(GOAL OF THE EXERCISE): Transcribe the full listing below, word for word, without pictures.

(GIVEN DATA):
+++

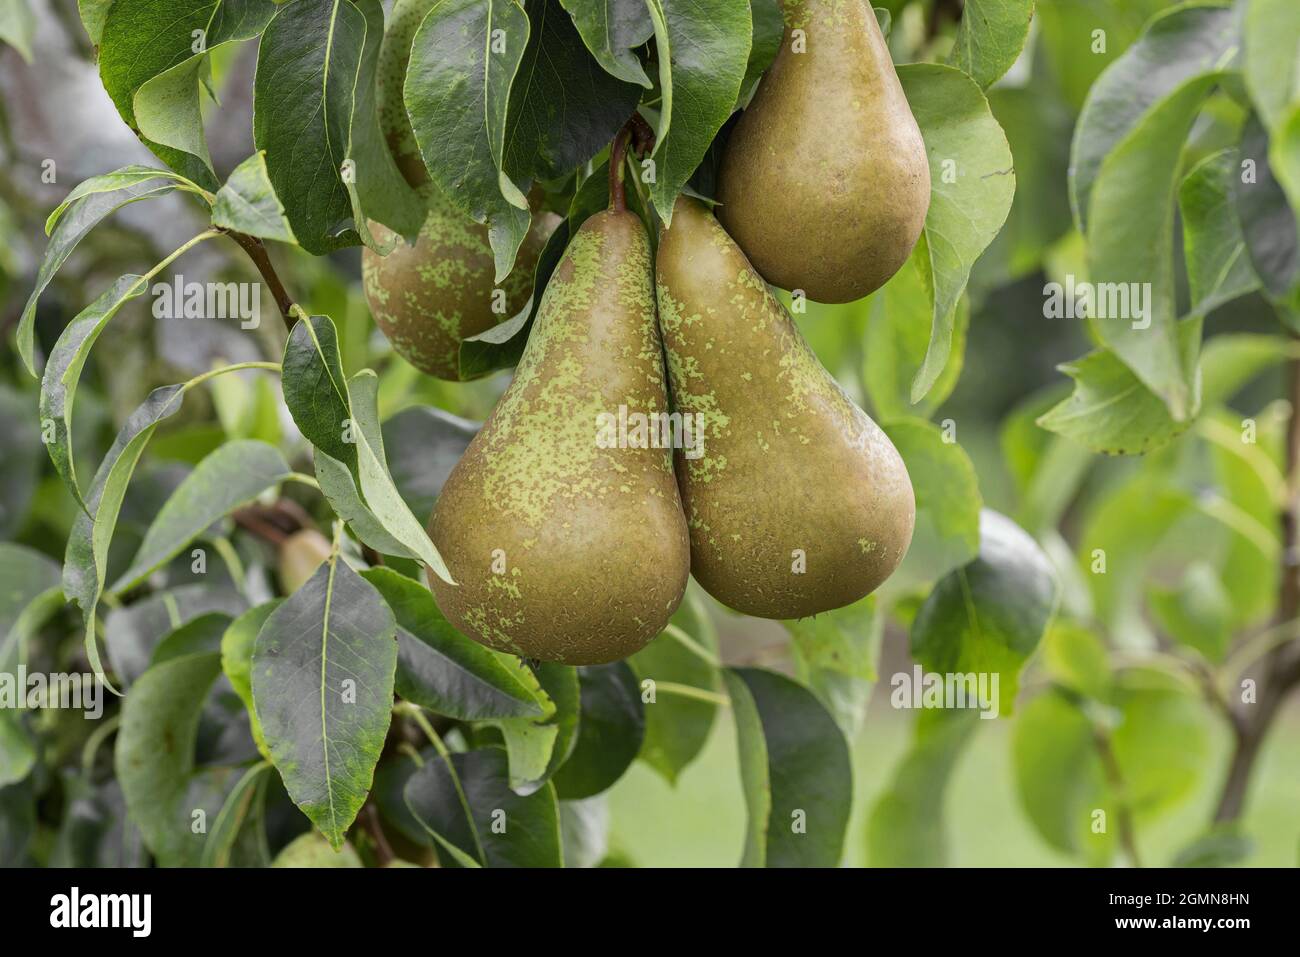 Common pear (Pyrus communis 'Conference', Pyrus communis Conference), pear on a tree, cultivar Conference Stock Photo
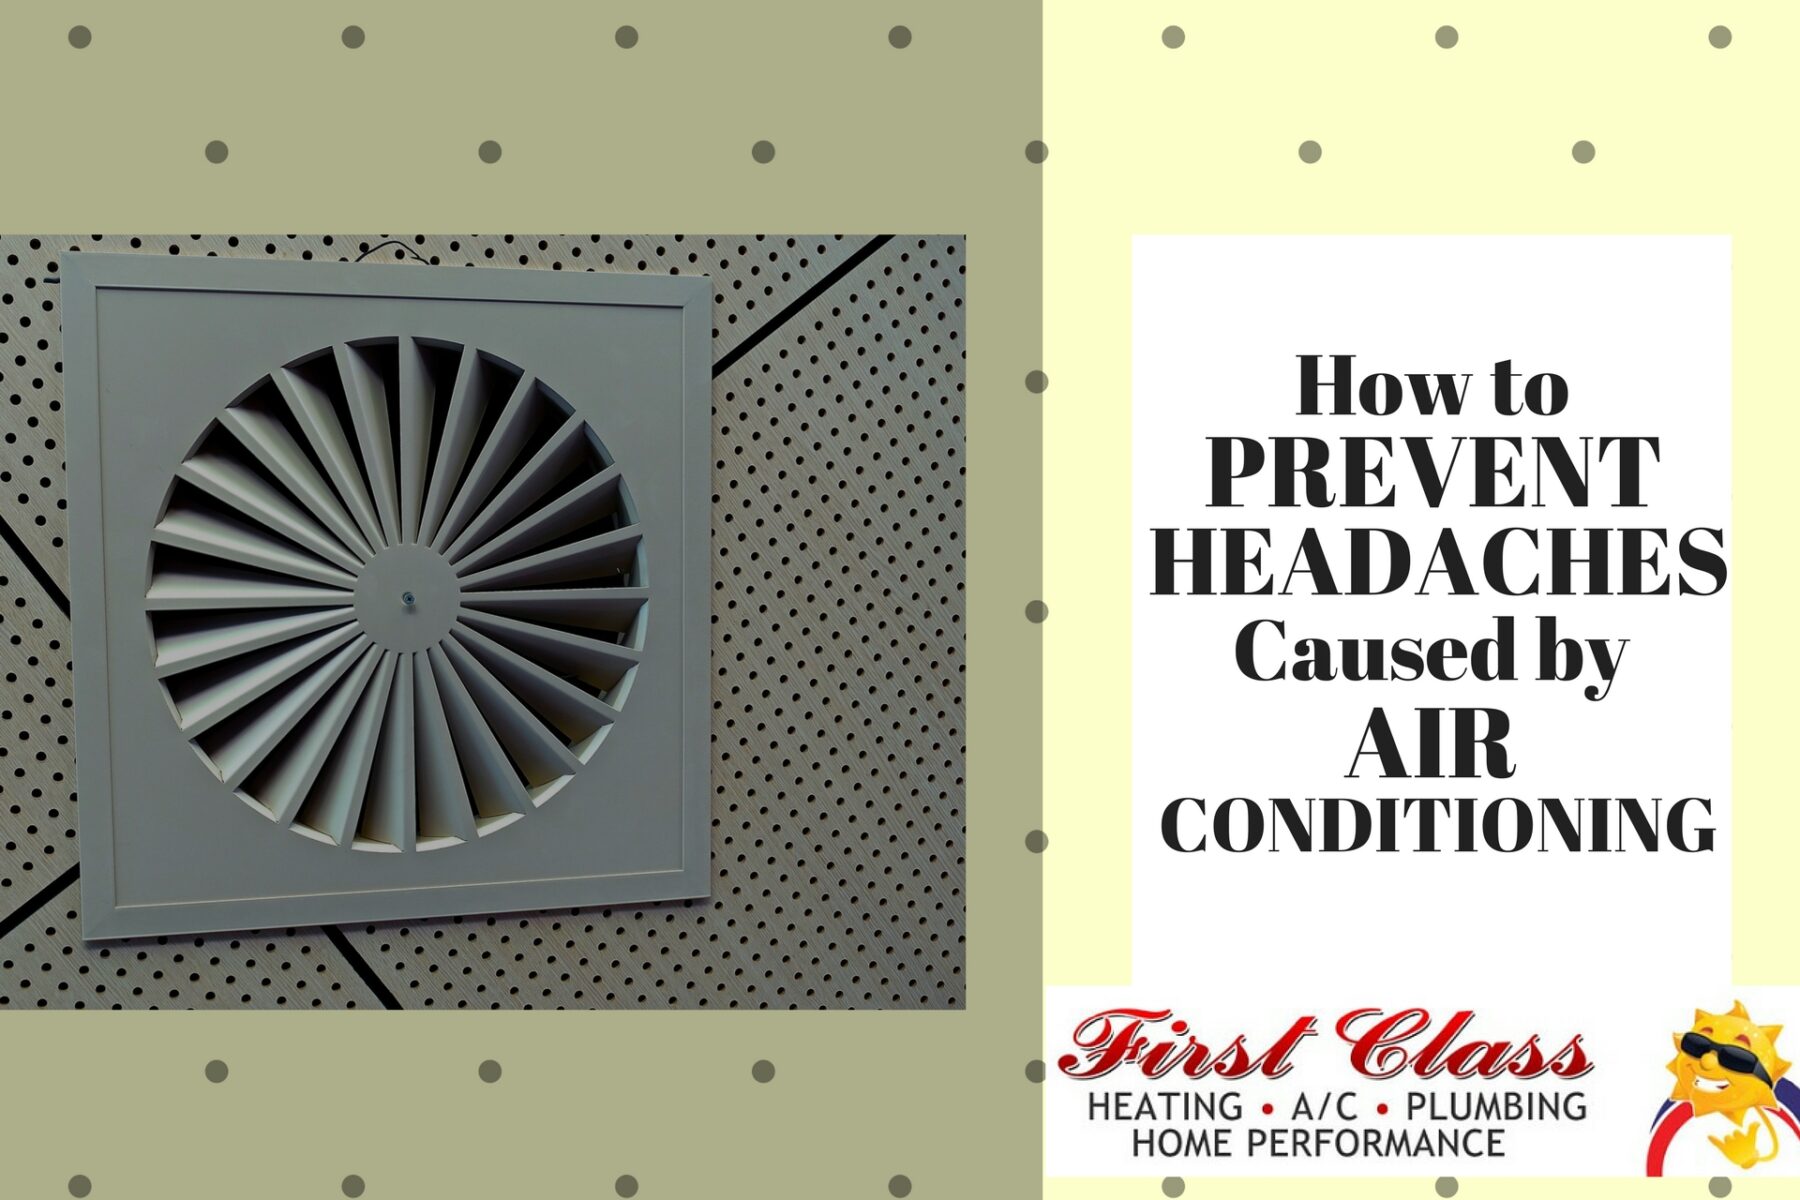 How to Prevent Headaches Caused by Air Conditioning
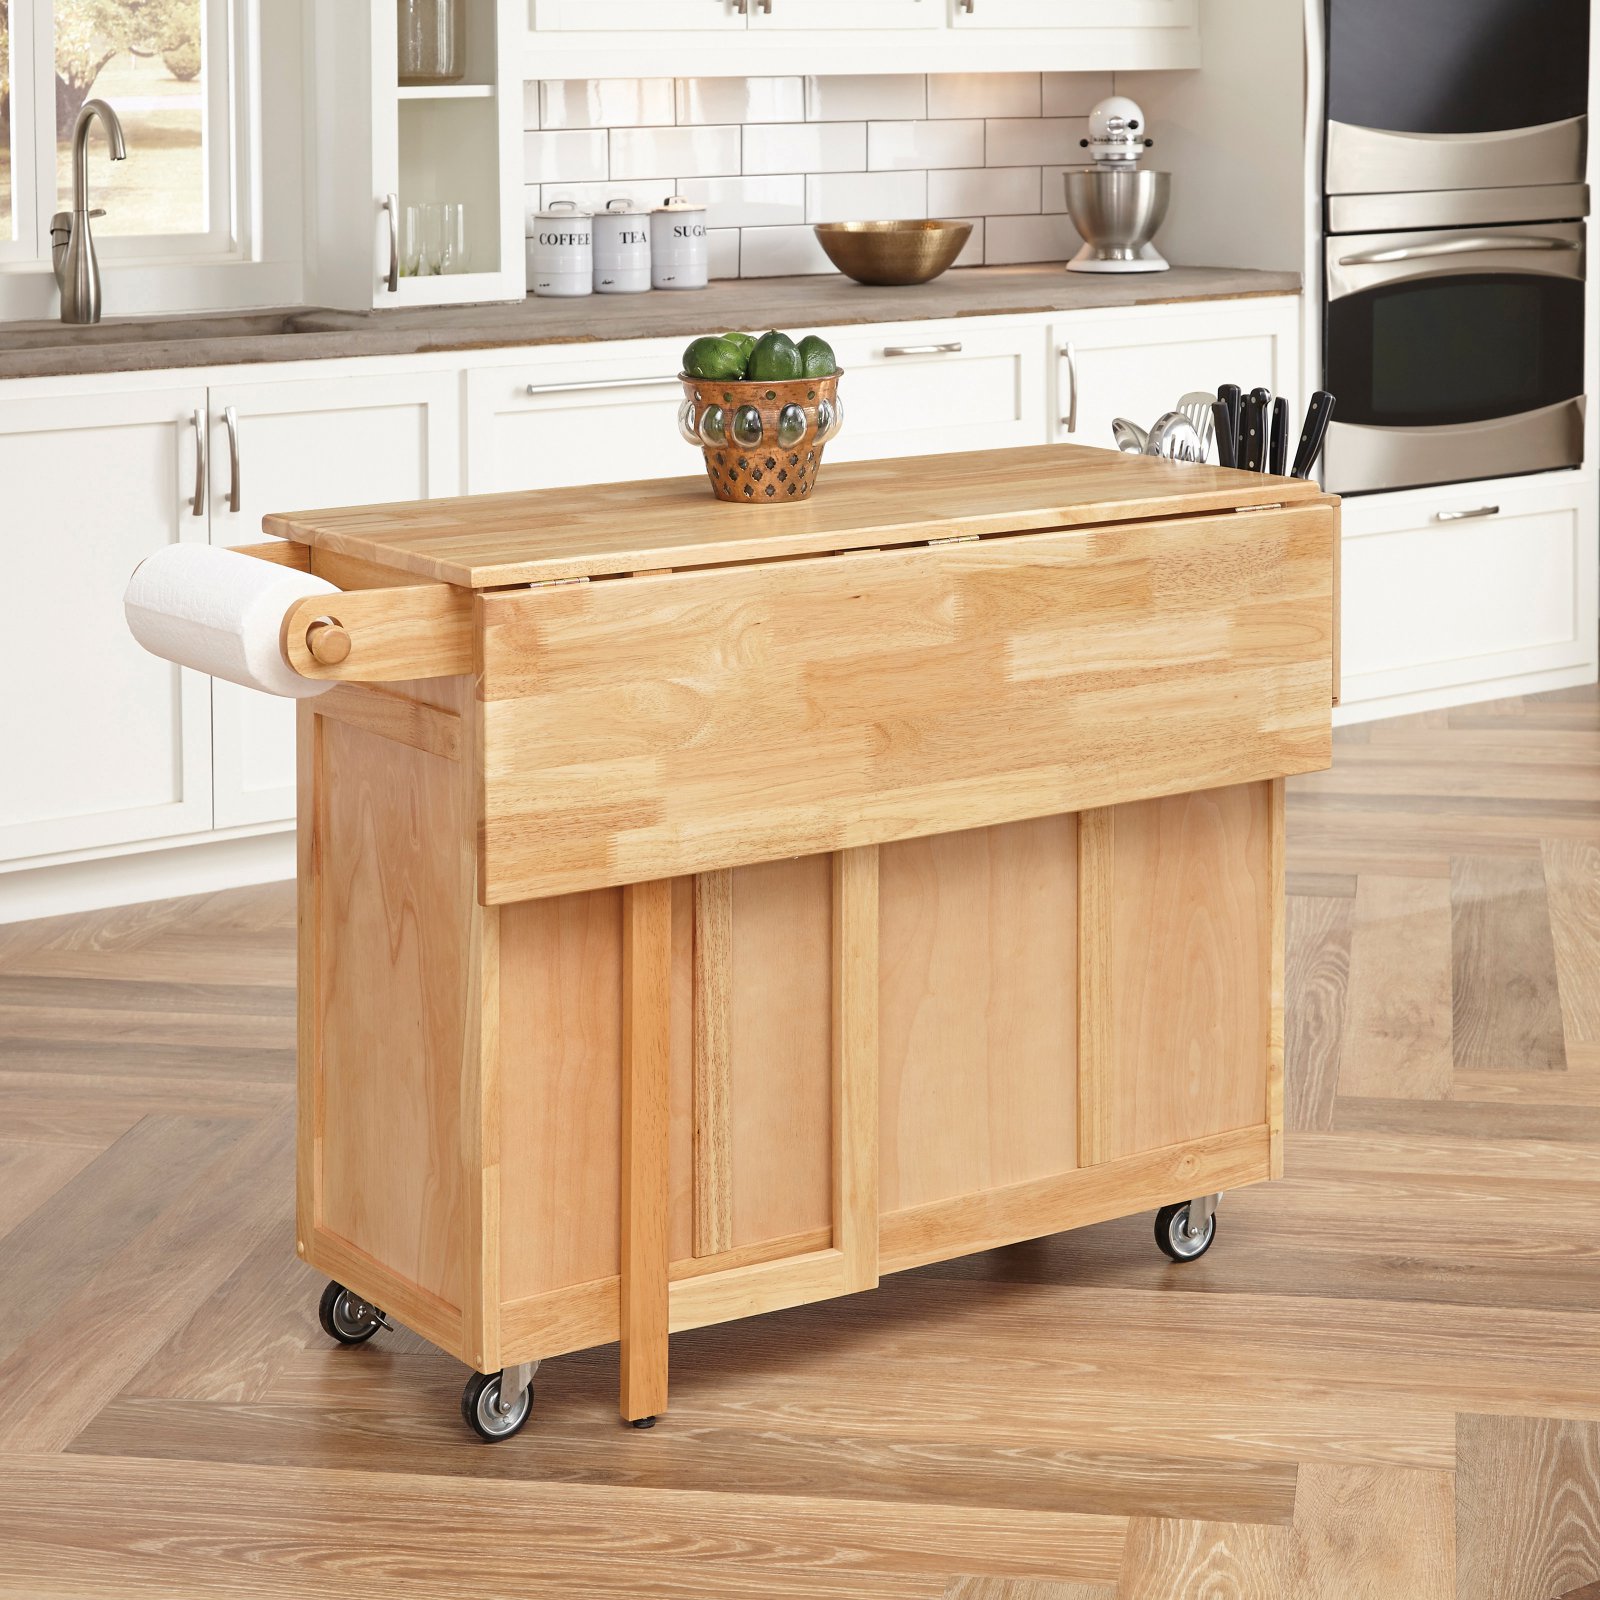 Homestyles General Line Wood Rolling Kitchen Cart in Brown - image 3 of 5

+++

(SOLUTION FOR THIS EXERCISE):
 Common pear (Pyrus communis 'Conference', Pyrus communis Conference), pear on a tree, cultivar Conference Stock Photo
 How to Prevent Headaches Caused by Air Conditioning
 Homestyles General Line Wood Rolling Kitchen Cart in Brown - image 3 of 5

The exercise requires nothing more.